The trigger fires with the child partition’s TG_TABLE_NAME and TG_RELID,
but the trigger function is the same.
Key behavior details:
-- Create trigger on parent
CREATE TRIGGER cdc_trigger
AFTER INSERT OR UPDATE OR DELETE ON orders
FOR EACH ROW EXECUTE FUNCTION capture_changes();
-- PostgreSQL automatically creates matching triggers on:
-- orders_2025, orders_2026, orders_2027, ...
-- New partition created later:
CREATE TABLE orders_2028 PARTITION OF orders
FOR VALUES FROM ('2028-01-01') TO ('2029-01-01');
-- Trigger is automatically cloned to orders_2028
Within the trigger function for pg_trickle, the TG_RELID is the child
partition’s OID, not the parent’s. However, since our trigger function is
generated with the parent OID hardcoded (e.g., pg_trickle_cdc_fn_<parent_oid>),
the change buffer table name is derived from the parent OID, and all partition
DML is correctly routed to the same buffer table.

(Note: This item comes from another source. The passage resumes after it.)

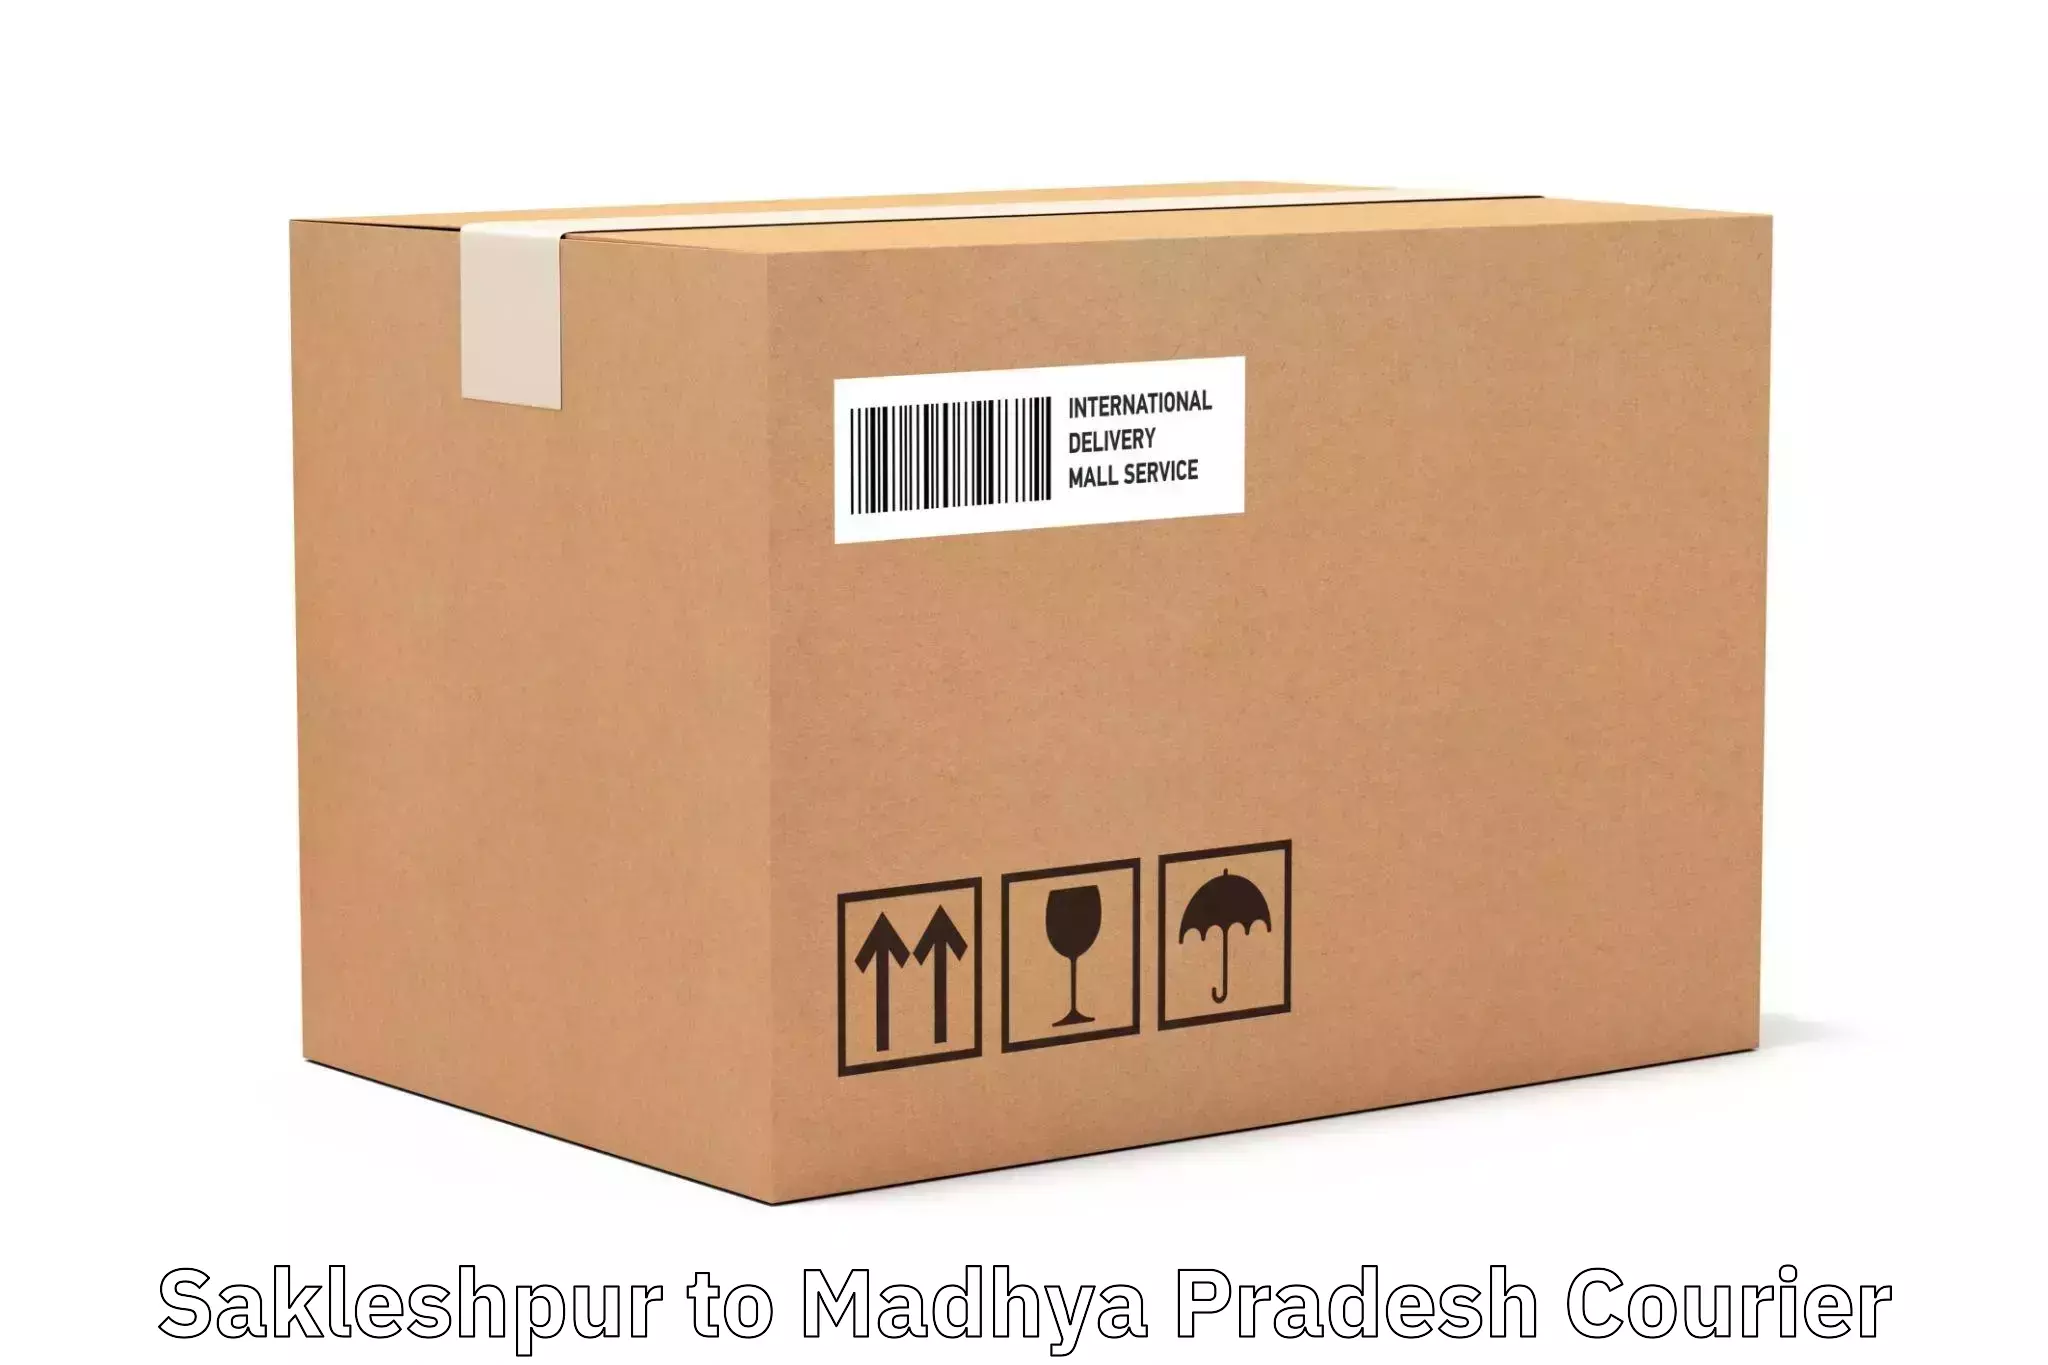 Round-the-clock parcel delivery Sakleshpur to Dewas

Appendix B: Partition Key in Row ID
For partitioned storage tables (Scenario 2), the __pgt_row_id uniqueness
guarantee requires special handling:
Current: UNIQUE INDEX ON storage (__pgt_row_id)
→ Works for unpartitioned tables
With partitioning:
UNIQUE INDEX ON storage (__pgt_row_id, <partition_key>)
→ Uniqueness is per-partition only
→ Two rows in different partitions could have the same __pgt_row_id
Alternative:
Use __pgt_row_id as a composite of (original_hash, partition_key_hash)
→ Globally unique but changes hash semantics
This is one of the key design decisions that would need resolution before implementing partitioned storage tables.